- Born: 3 August 1922 Leeds, England
- Died: 9 April 1999 (aged 76) Jerusalem, Israel
- Occupations: Scholar, editor, broadcaster
- Spouse: Devorah Mac Dwyer
- Children: 2

= Geoffrey Wigoder =

British-Israeli scholar, writer and broadcaster (1922–1999)

Geoffrey Wigoder (3 August 1922 – 9 April 1999) was a British-born Israeli scholar, editor, and broadcaster, best known as editor-in-chief of the Encyclopaedia Judaica.

== Early life ==
Wigoder was born in Leeds, England, into a family with both acting and rabbinic connections. He studied at Trinity College Dublin, earning a degree in medieval Jewish history, and later completed doctoral work at the University of Oxford in Jewish philosophy. He also trained for the rabbinate at the Jewish Theological Seminary of America in New York City, where he met his future wife. The couple married and emigrated in 1949 to the newly established State of Israel, settling in Jerusalem.

== Career ==
In 1950, Wigoder became English-language director of The Voice of Zion to the Diaspora, an Israeli international broadcasting service. He later served as a correspondent in Jerusalem for the BBC and The Yorkshire Post, reporting on major events including the Eichmann trial. From 1960 to 1967 he directed Israel’s overseas broadcasts.
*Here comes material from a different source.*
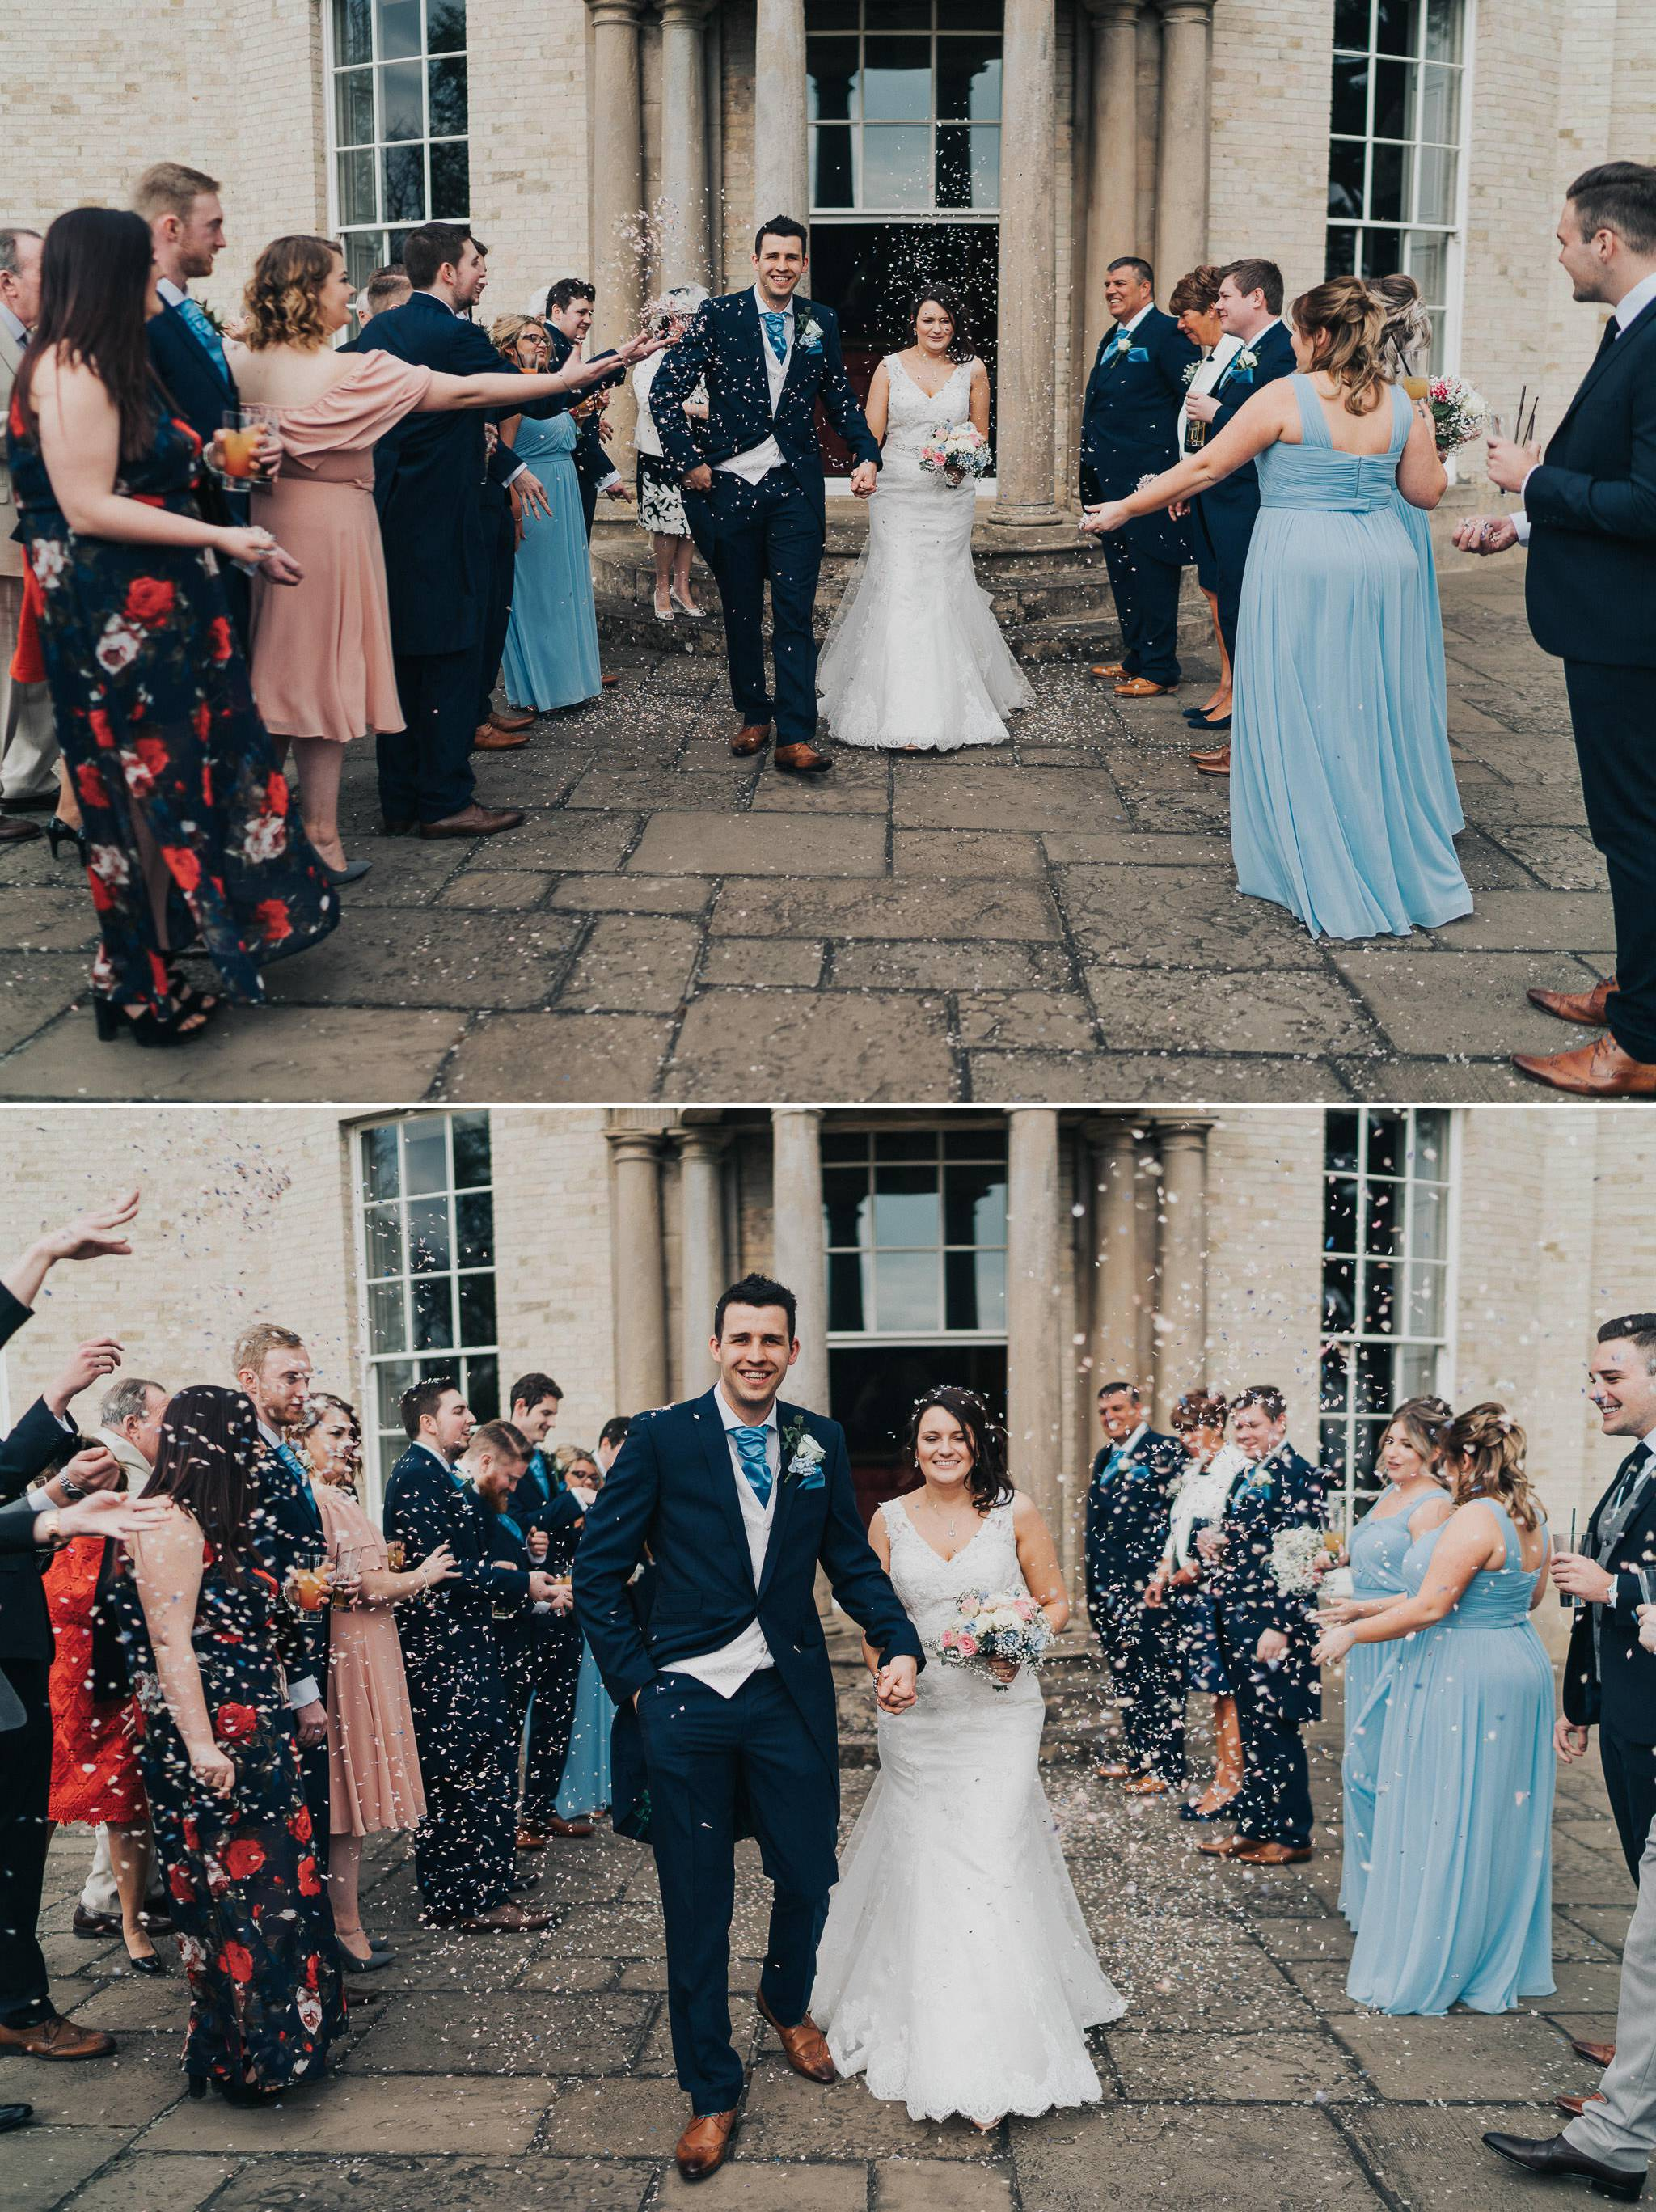 stubton-hall-wedding-photography 11.jpg

Wigoder collaborated with Cecil Roth on the New Standard Jewish Encyclopedia and succeeded him as editor-in-chief of the 16-volume Encyclopaedia Judaica following Roth's death in 1970. He later oversaw the encyclopedia's digital release on CD-ROM. His other editorial works include The Encyclopedia of the Jewish Religion, Jewish Art and Civilization, The Story of the Synagogue, Dictionary of the Jewish–Christian Dialogue, Dictionary of Jewish biography, Jewish-Christian relations since the Second World War, Jewish-Christian interfaith relations : agendas for tomorrow, The Crown of wisdom : sixty years of the Hebrew University of Jerusalem, and The Vatican-Israel agreement : a watershed in Christian-Jewish relations.

At the Hebrew University of Jerusalem, Wigoder founded Israel’s first oral history department and contributed to the establishment of the Museum of the Jewish Diaspora in Tel Aviv.

== Later life and death ==
Wigoder continued teaching and writing into the 1990s, editing works such as the New Encyclopedia of Zionism and Israel. He died in Jerusalem on 9 April 1999, aged 76, from a brain hemorrhage following a fall. He was survived by his wife, two sons, a sister, and two grandchildren.